Tuesday 3 March 2009

An unfolding drama

First published in Sons View, 03 March 2009, Dumbarton -v- East Stirlingshire

If anyone had said at roughly this time last year that “one of Dumbarton’s main promotion rivals this time next season will be East Stirlingshire”, they might well have found themselves getting some distinctly quizzical or ‘sympathetic’ looks on the way back to the bar.

Back at the end of February 2008 the Shire were in the process of hitting the bottom of Division Three, where everybody frankly expected them to be, with us not that far above. We had beaten today’s opponents 3-1 at the Rock in our previous encounter, and then in March the Sons had to be content with a deadening 0-0 away draw.

The agenda for the latter half of the season for both clubs then became avoiding the wooden spoon – which we both managed to do, though it seemed like a scant achievement at the time. Sons had hoped for much more, though we knew we were up against it from the start.

How fortunes wiggle and wander. In both camps, the rebuilding has been substantial… but remains unfinished. This evening we and East Stirling find ourselves face-to-face for the second important game against each other in only four days. It’s an encounter that could significantly boost or deflate morale as we chase a play-off place for May ’09 – the dates for those games now having been set by the SFL between the 13th and 23rd.

I was going to say “play-off place or better”, but realistically the loss of two home points against high-flyers Cowdenbeath on 21 February, when John Dempster secured an equaliser for the Fife side after Pat Boyle’s opener, makes title claims an outside chance for the Sons now – though not an outright impossibility.

As for the all-important 2008-9 finishing line, it might still seem a long way off from where you are seated right now, but the rest of the season is about to hit us with a frightening intensity.

After a period of forced inactivity at the end of the winter, Dumbarton will come out of tonight’s match with just three days in which to prepare for welcoming Albion Rovers to the Rock… which in turn will be the first of five games in 14 days, and part of a sequence of seven matches in one month.

Whatever way you look at it, it’s going to be quite a battle. At the midpoint, on the eve of the Ides of March, appropriately enough, we are away to Montrose – who were early contenders for the top spots, have dropped off quite a bit of late, and will be scrambling over the next few weeks to try to get back into promotion contention.

As is always the case in football, quite a few imaginative scripts and scenarios could be written for the next few weeks. It’s not just at the Oscars that people like to prepare their speeches on the basis of what might be! But the only stories that will count are those that work themselves out definitively on the park.

So by the time the Sons welcome Berwick Rangers to SHS for the first home game in April, we fans will either be licking our lips, gritting our teeth or holding our breath. No wonder we are usually seen as… well, mouthy.

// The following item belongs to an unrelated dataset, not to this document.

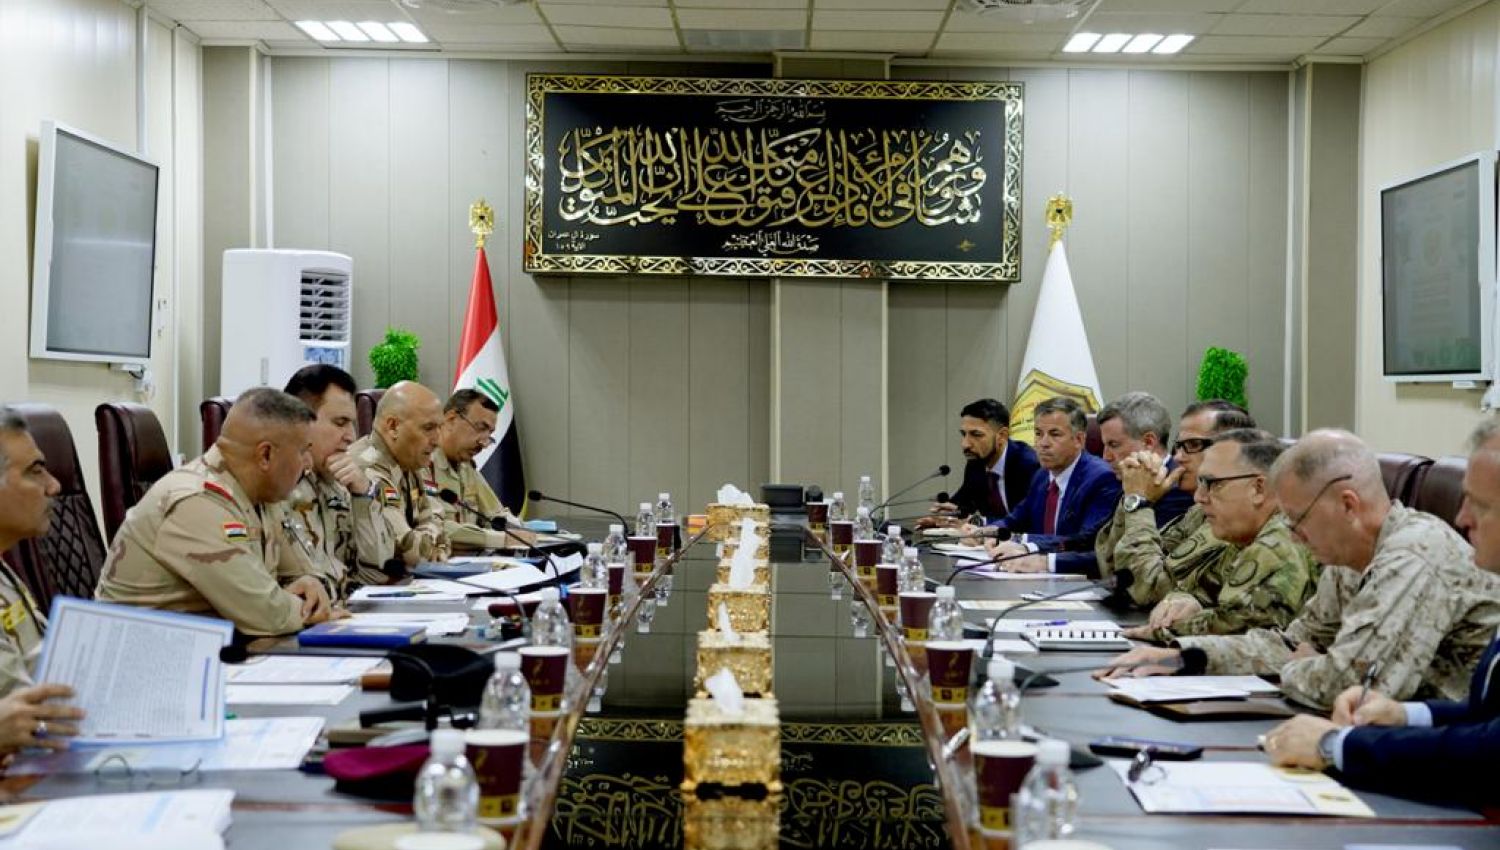 اللجان العراقية الأمريكية: اتفاق شراكة استراتيجية أم انسحاب للقوات الأميركية

Part of the joy of this game is that, within some fairly clear parameters, you get to make up the plot as you go along. And while it’s always the case that the pundits and scribes will try to look back and authoritatively pronounce on where “the turning point” was, for either good or ill, the truth is that at the time no-one quite knows. Not even the know-alls.

The job of the good football coach, indeed, is to turn the minds of his players away from the kind of idle speculation I am indulging in here, the sort which keeps us supporters merrily occupied in lingering moments between match action. His task, by contrast, is to get them to focus on the fact that it is here and now that they can grab the opportunity before them. Fortunes can be turned in an instant on the pitch. Glory and despair are rarely more than a kick away.

This, of course, is what keeps us cheering and sighing, hoping and wondering, praising and moaning… but above all, coming back to the Rock for more.